Reputation: 19
I need to classify given urls as porn or non porn via python script (not by visiting them in person and watching videos) and I thought about calculating porn probability for each url by classifying words it contains, e.g. if url contains words 'bang' and '18' there is high probability its porn site, I tried implementing it, but it isnt very accurate, are there any python libraries than can help me classify those urls? I'm looking for libraries which can learn from test data, like smart anti-spam filters, like:
data = {
'google.com':0,
'superxxx.com':1,
'bigbangtheory.com':0,
'hot18bangbang.com':1,
...
...
}
and so on, I've pretty big collection of 'bad' urls, so I think I could train some AI classifier. If this is bad idea, could you recommend me any way of filtering out 'bad' urls from 'good' urls?
Upvotes: 0
Views: 431
Reputation: 3791
The modern approach to do this is to use a character level LSTM sequence classifier. It requires a fairly large amount of data though, but it shouldn't be too hard to find, by getting examples of family filter black lists for example.
Here are some examples of the concept:
Recurrent neural networks are neural networks that take their own output as input for the next step, or that learn to output state vectors that are passed to their own cell at the next step to represent short term memory.
Basically, your features are sequences of sub sequences of letters (aka, friendship becomes [frie, frien, riend, iends, endsh, ...]

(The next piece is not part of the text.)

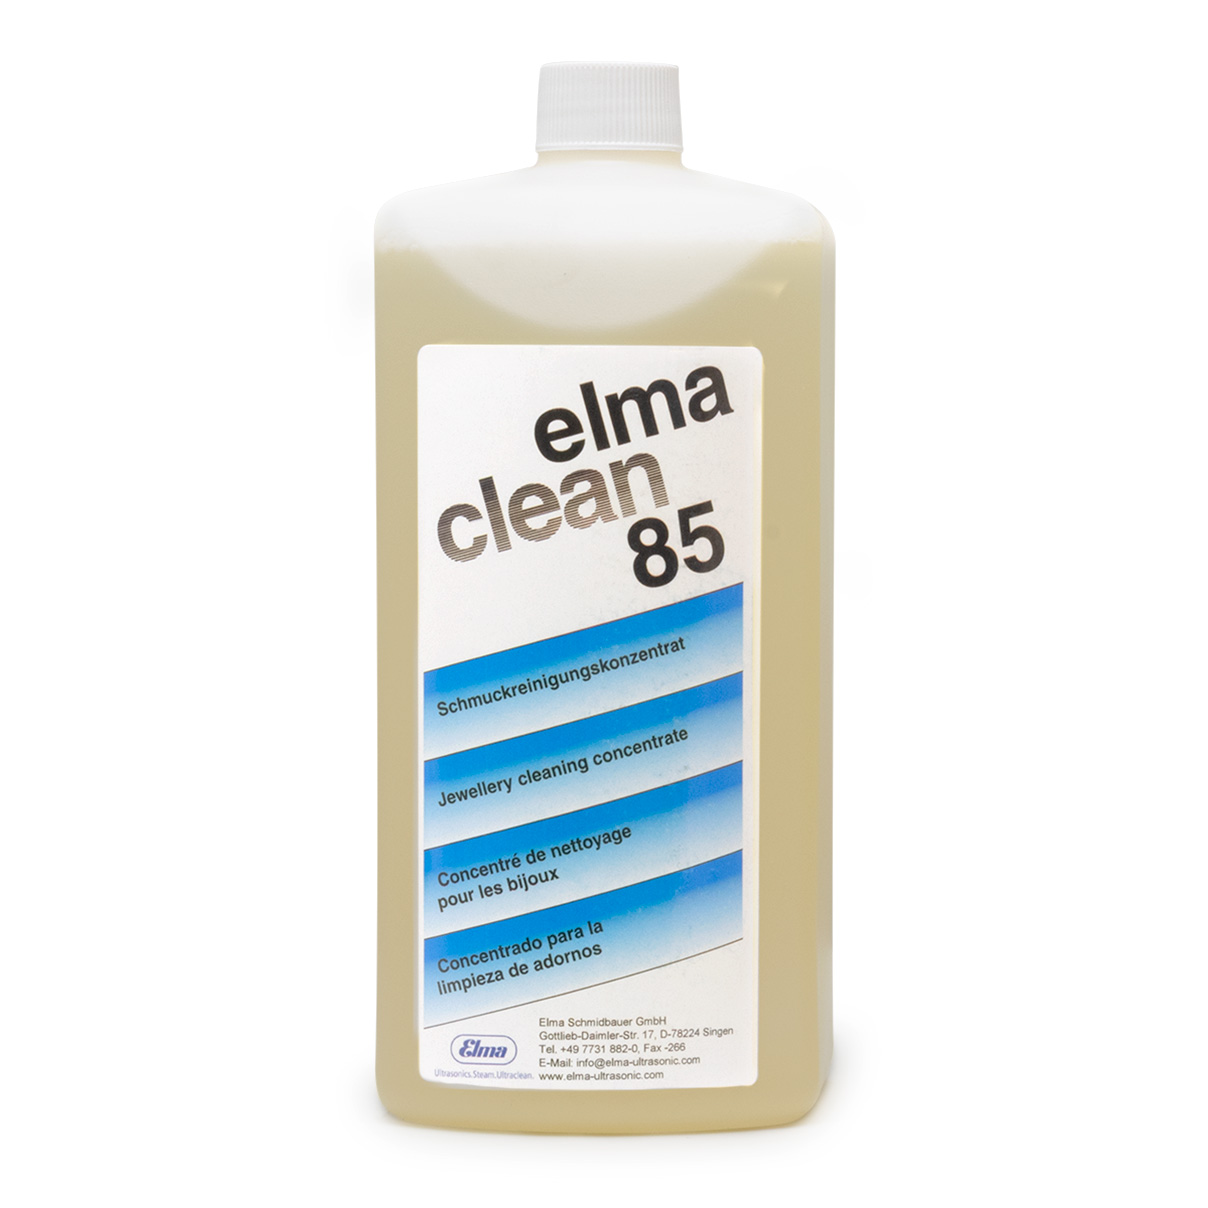 Elma Clean 85 concentré, pour la bijouterie, 1 l

in one hot representation), and you have a neural net that has a state that evolves with subsequence it sees, and gives you a judgement at the end.
Upvotes: 1
Reputation: 18877
This is a good use case for logistic regression, but it's not a very good question for Stack Overflow. If you already have the training data, go find a tool (or implement this yourself because it wouldn't be that difficult) and then ask a question about the troubles you're having getting it to work. Stack Overflow is not the place to as for recommendations on tools to use.
Upvotes: 1